$A$ is self-adjoint and $X$ is bounded commuting with $A$, why $AX$ is densely defined?

Question

Let $A$ be a self-adjoint linear operator on a Hilbert space and $X$ is a positive bounded linear operator on this Hilbert space. Assume that $X$ strongly commute with $A$ (commute with all the spectral projections of $A$).

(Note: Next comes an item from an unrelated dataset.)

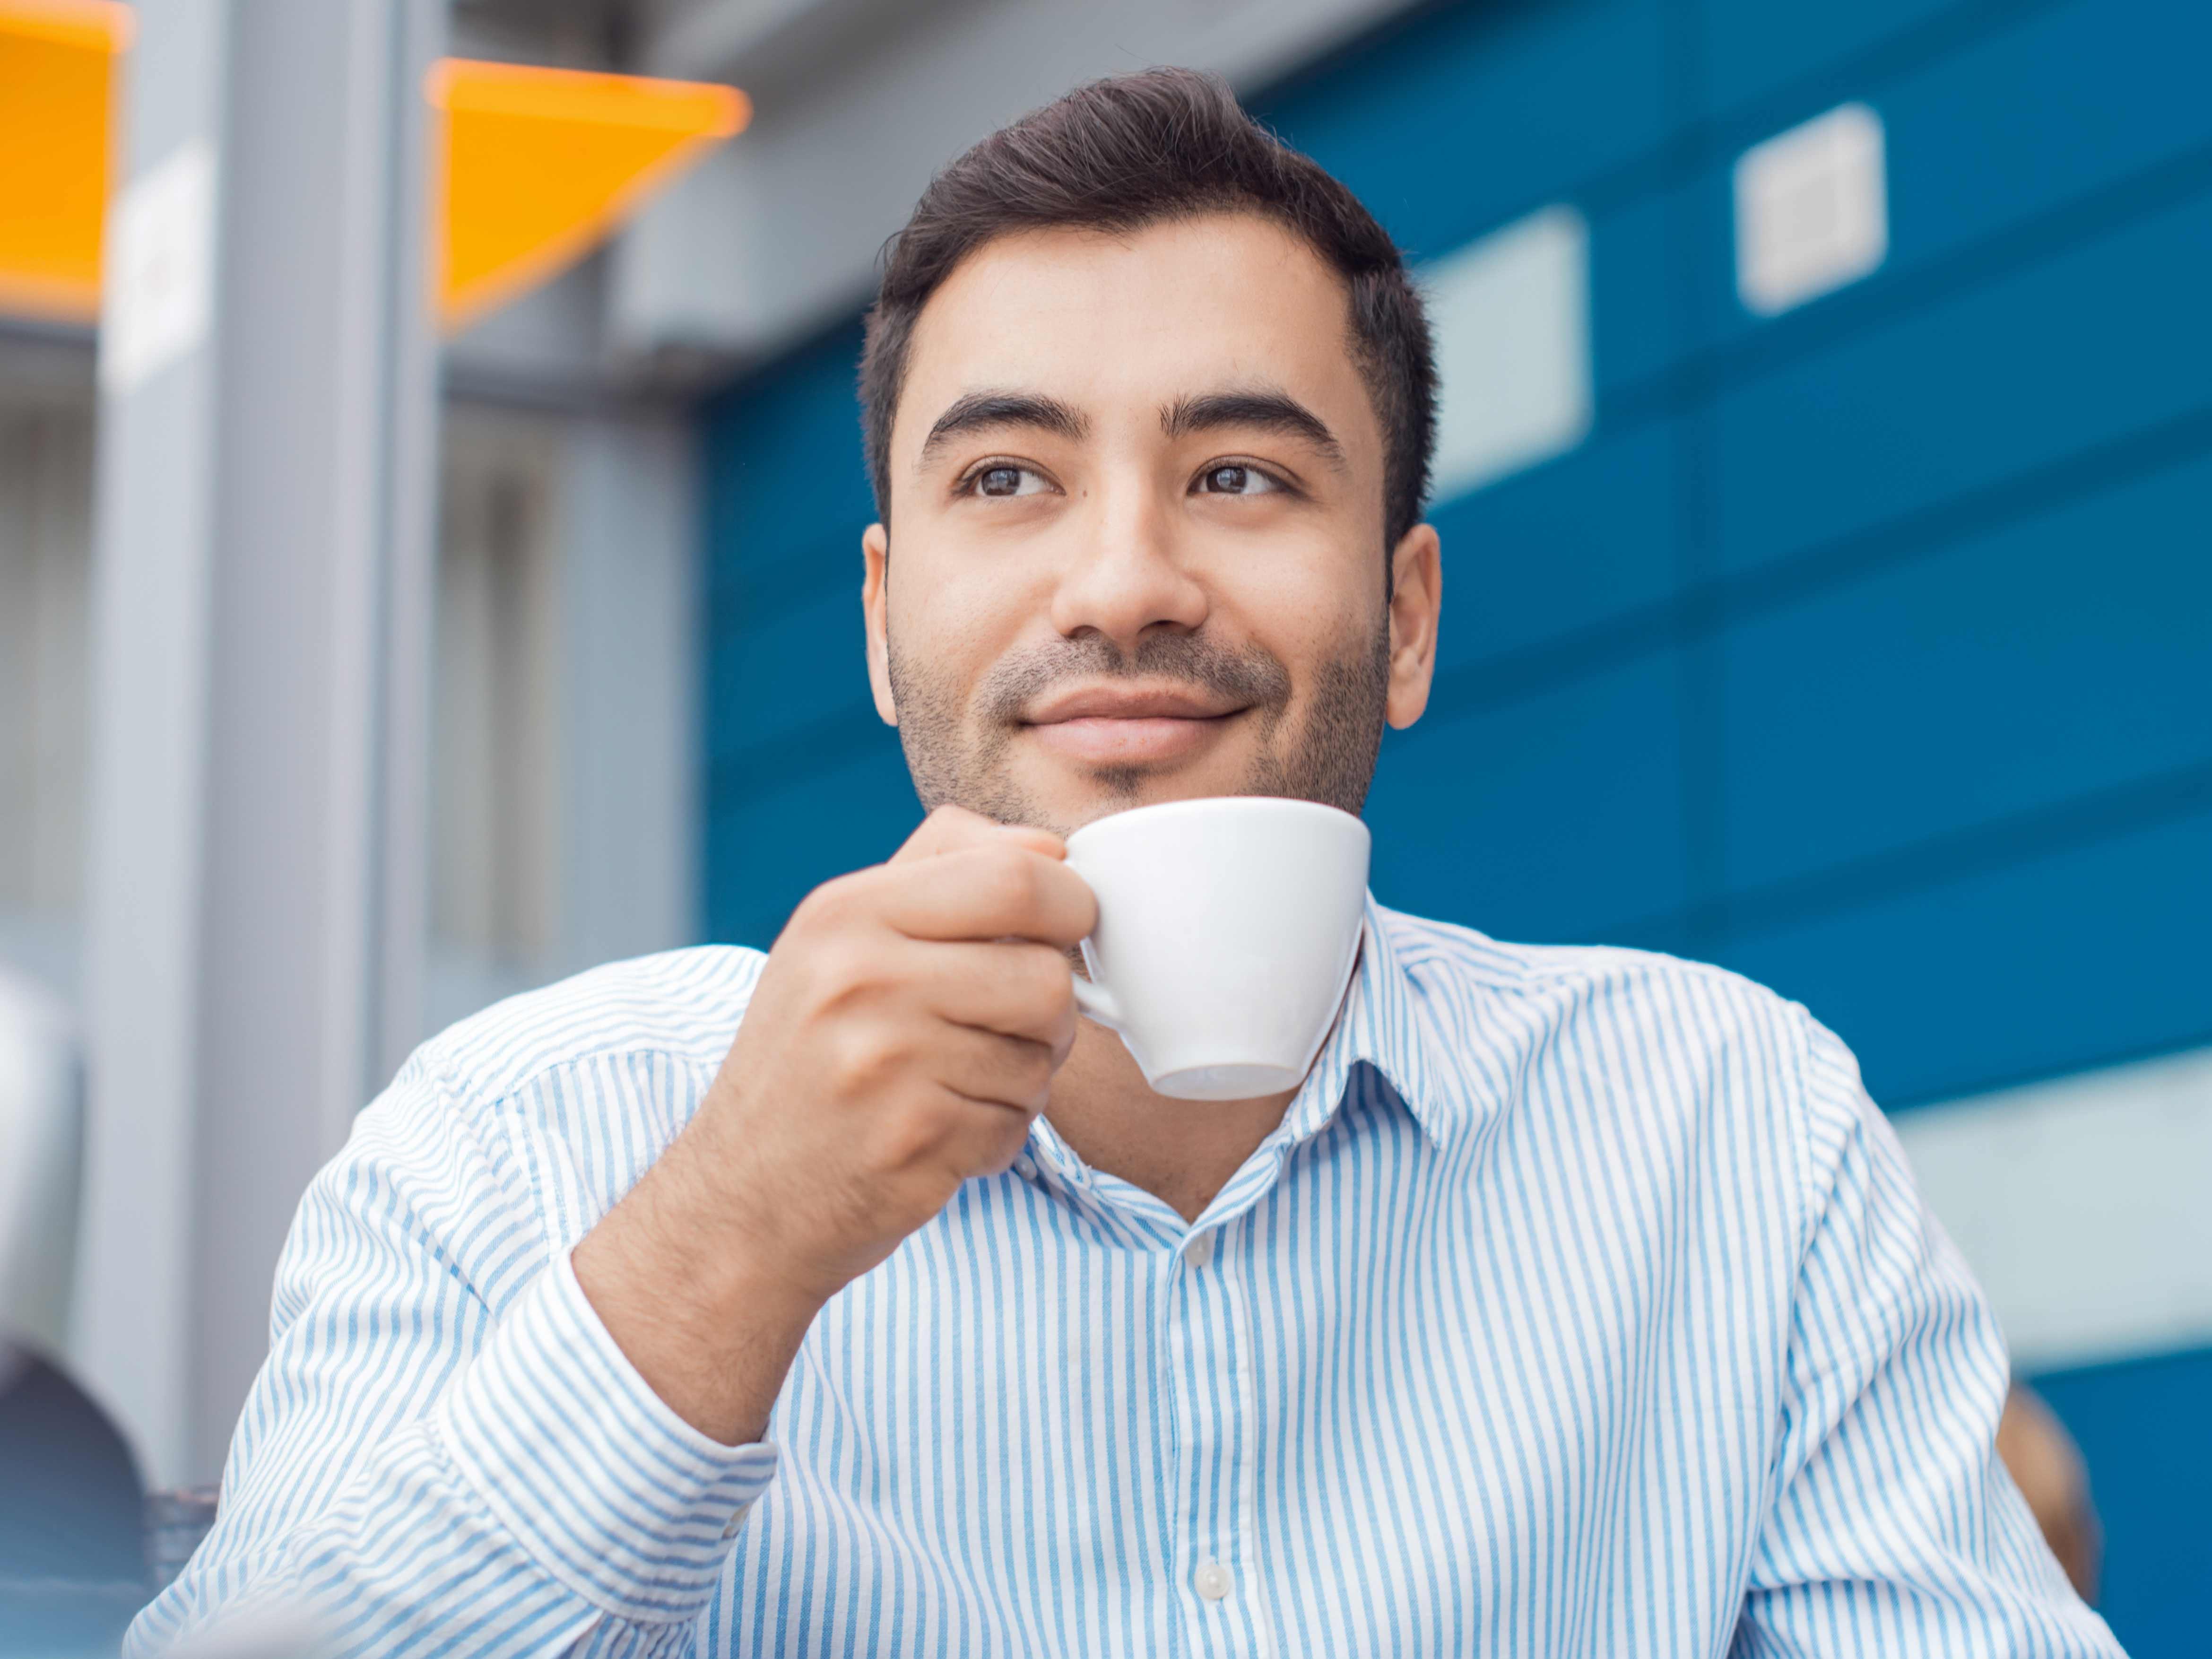 It's unanimous! Drinking coffee has big perks

How to show that $AX$ is densely defined?

Answer 1

If $A = \int \lambda dE(\lambda)$ is the spectral representation, then you are given that $E[a,b]$ commutes with $X$ for all finite $a,b$. $AE[a,b]$ is defined on all of $\mathcal{H}$. So, $AXE[a,b]=AE[a,b]X$ is defined on all of $\mathcal{H}$. The set of all $E[a,b]\mathcal{H}$ is dense in $\mathcal{H}$ because $E[a,b]x\rightarrow x$ as $a,b\rightarrow-\infty,\infty$, respectively.

Answer 2

Another way of seeing this is (you don't even have to assume that $A$ is self-adjoint just a densely defined $A$ will do): Since $XA\subset AX$, we have $D(XA)=D(A)\subset D(AX)\subset H$ and hence passing to the closure in $H$ as $A$ is densely defined yields $\overline{D(AX)}=H$.